Брачный контракт! Эти слова пробудили в моем сердце отчаяние ревности, отравлявшее все лучшее во мне. Я начал было размышлять – трудно признаться в этом, но я не должен скрывать никаких подробностей этой ужасной истории, которую решил обнародовать, – я начал было размышлять с надеждой, исполненной ненависти, об обвинениях против сэра Персиваля Глайда, выдвинутых в анонимном письме. Что, если эти обвинения имеют под собой почву? Что, если истина вскроется до того, как прозвучат роковые слова согласия и будет подписан брачный контракт? Я хотел бы думать, что чувство, придавшее мне в тот момент бодрости, объяснялось исключительно заботой о счастье мисс Фэрли, но мне не удалось обмануть себя в этом тогда, не стану я и сейчас обманывать других. Чувство это объяснялось мстительной, отчаянной, безнадежной ненавистью к человеку, который должен был стать ее мужем.

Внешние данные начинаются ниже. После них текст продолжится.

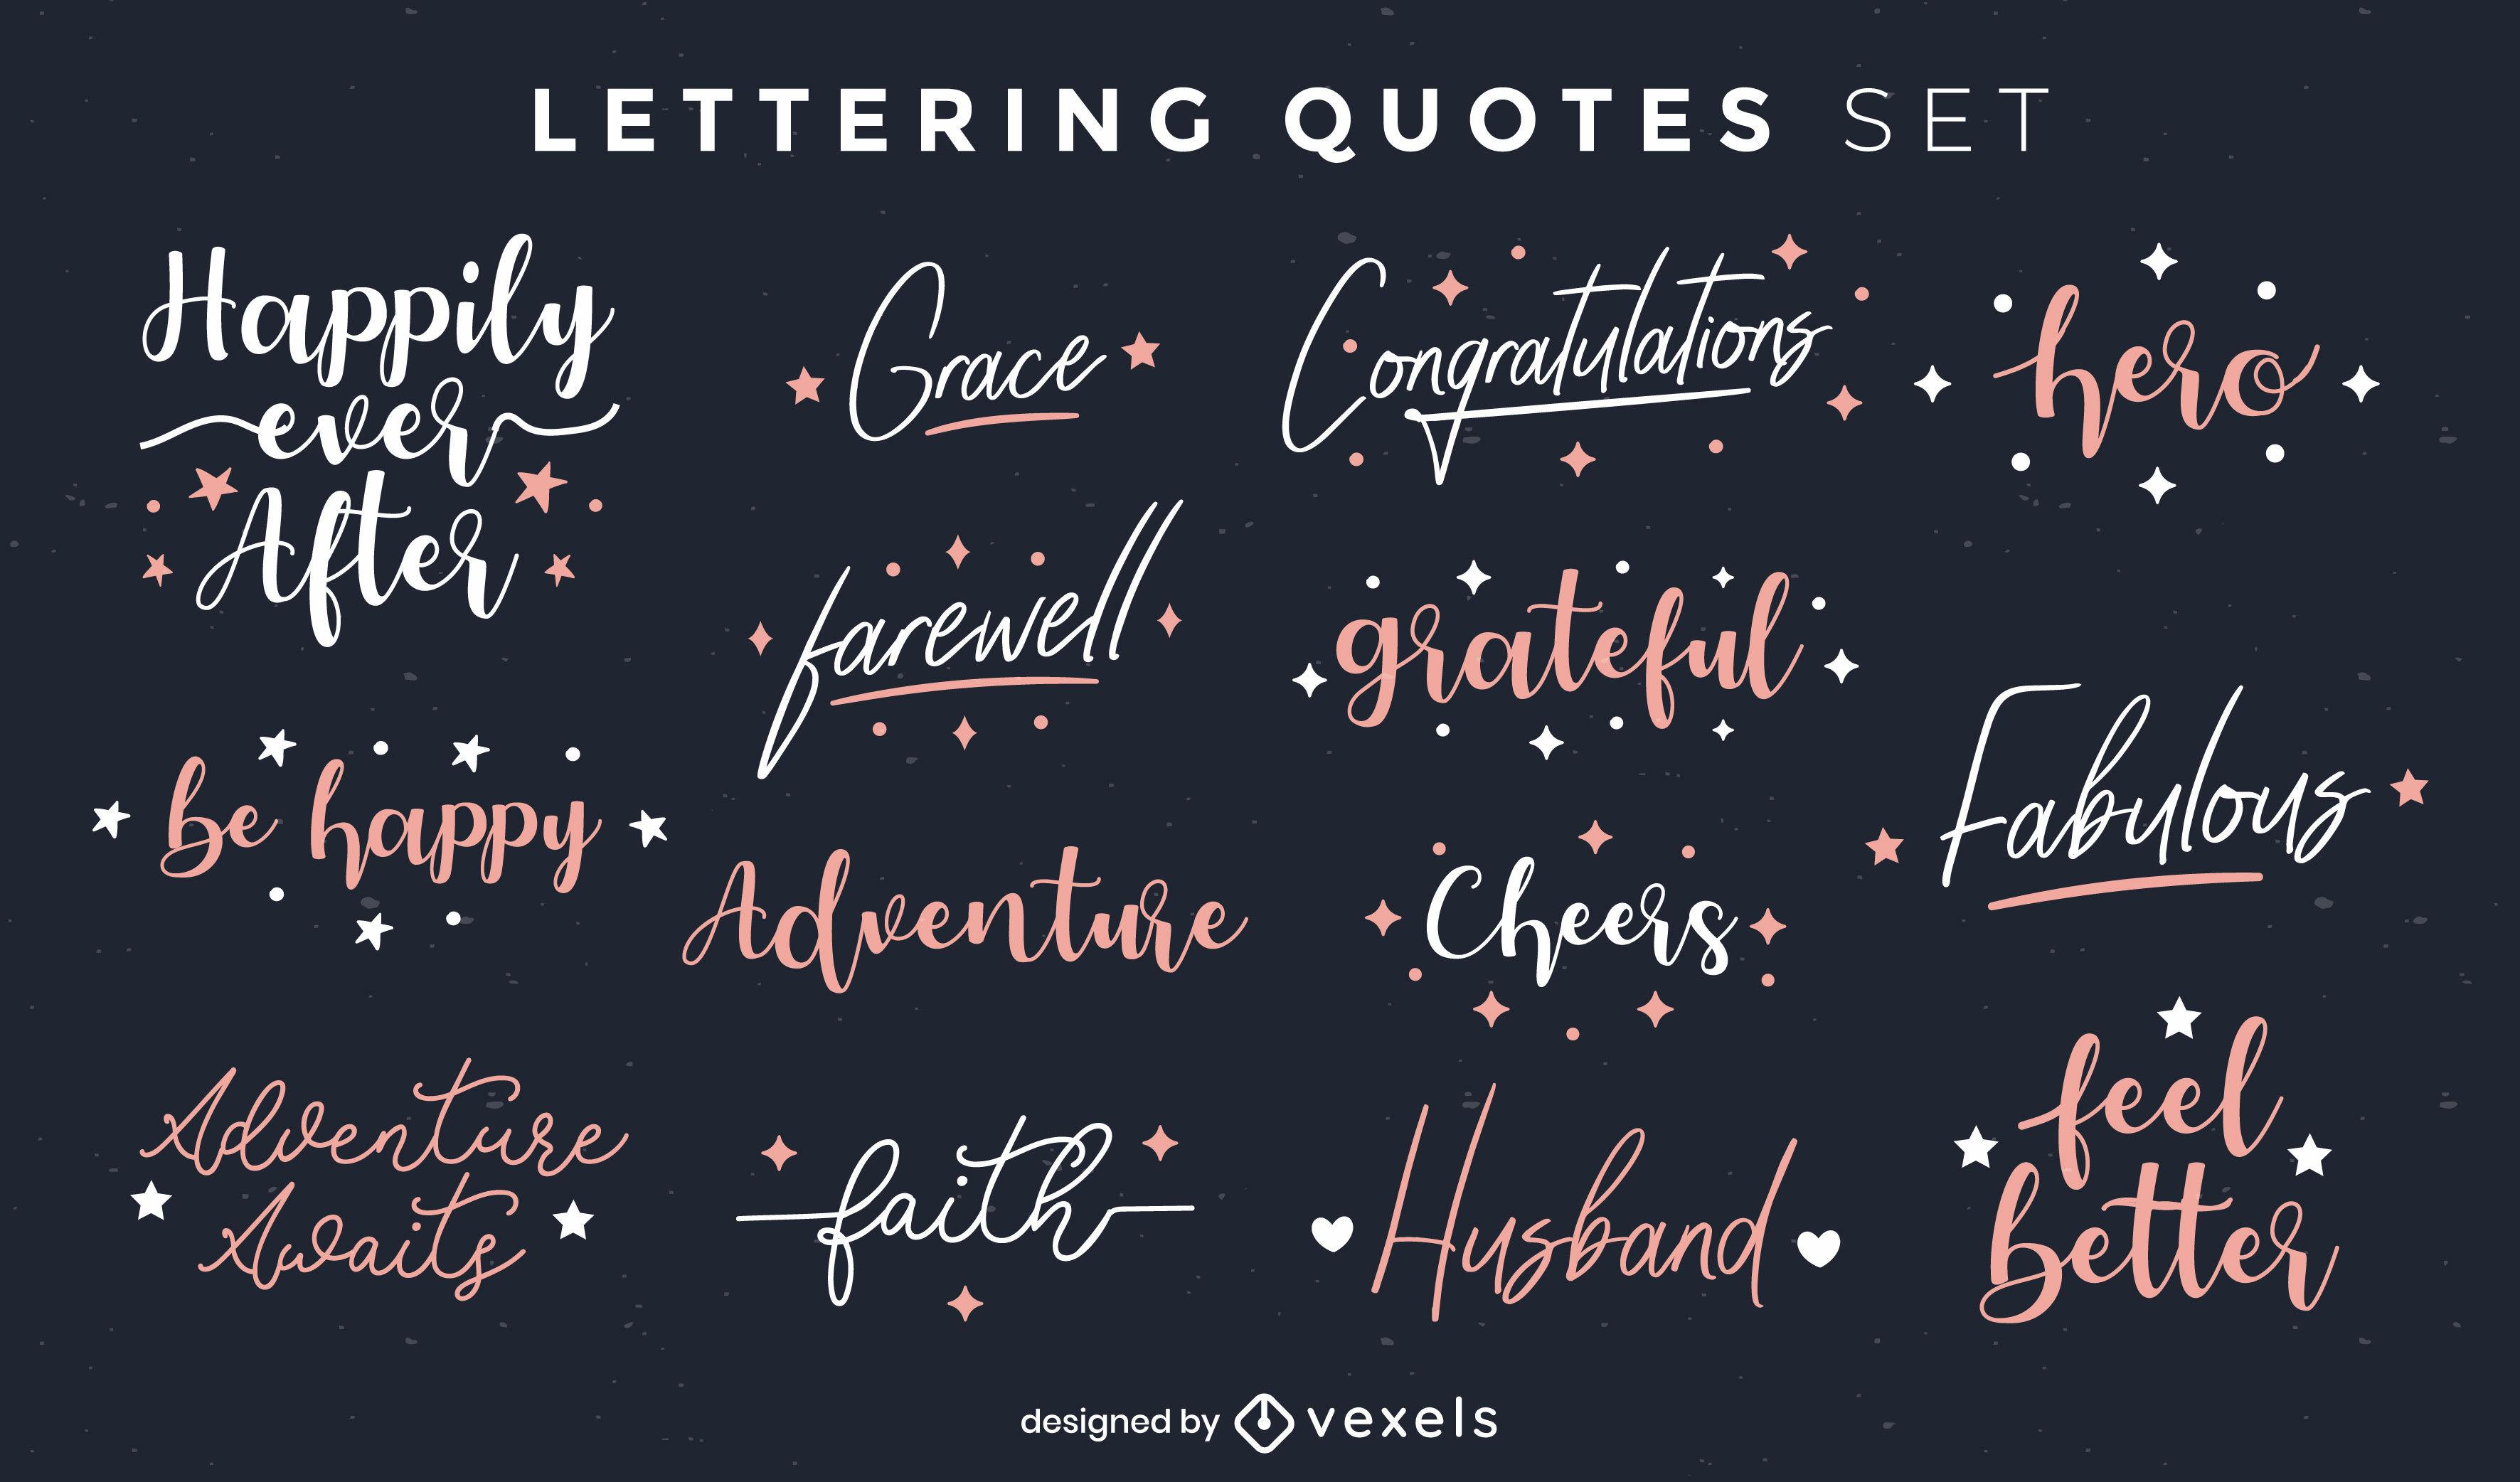 Lettering positive quotes set

– Если мы можем что-нибудь разузнать, – сказал я под влиянием этого нового чувства, – то нам лучше не терять ни одной минуты. Я еще раз советую вам расспросить садовника, а затем навести справки в деревне.
– Думаю, в обоих случаях мне может понадобиться ваша помощь, мистер Хартрайт, – сказала мисс Холкомб, поднимаясь с места. – Пойдемте же немедленно, мистер Хартрайт, сделаем все, что в наших силах.
Я уже было распахнул перед ней дверь, но вдруг остановился, чтобы задать еще один важный вопрос, прежде чем мы покинем комнату.
– В анонимном письме есть описание жениха. Имя сэра Персиваля Глайда не упомянуто, я знаю, но имеет ли это описание некое сходство с ним?
– Оно совершенно точно, даже в том, что ему сорок пять лет.
Сорок пять! А ей не было еще и двадцати одного года! Мужчины его возраста женятся на девушках ее лет каждый день, и опыт показывает, что такие браки часто бывают очень счастливыми. Я это знал, и все же упоминание его возраста в сравнении с ее годами лишь усилило мою слепую ненависть и недоверие к нему.
– Даже в том, что на правой руке у него шрам от раны, которую он получил несколько лет тому назад, когда путешествовал по Италии. Нет сомнений, что писавшей письмо в мельчайших подробностях известна его наружность.
– А беспокоящий его кашель, который, насколько я помню, упоминается в письме?
– Да, все верно. Сэр Персиваль не обращает внимания на свой кашель, который иногда беспокоит его друзей.
– Полагаю, никаких слухов, порочащих его репутацию, до вас не доходило?
– Мистер Хартрайт! Я надеюсь, вы не настолько несправедливы, чтобы поддаться влиянию этого гнусного письма?
Я почувствовал, как кровь прилила к моим щекам, ведь я-то знал, что поддался его влиянию.
– Надеюсь, что нет, – ответил я смущенно. – Возможно, я не должен был спрашивать.
– Я не жалею, что вы об этом спросили, – сказала она, – потому что благодаря вашему вопросу могу отдать должное репутации сэра Персиваля. Нет, мистер Хартрайт, ни я, ни мои друзья не слышали про него ничего дурного. Он два раза одержал победу на выборах в парламент и прошел это испытание незапятнанным. Репутация человека, которому это удалось, безупречна.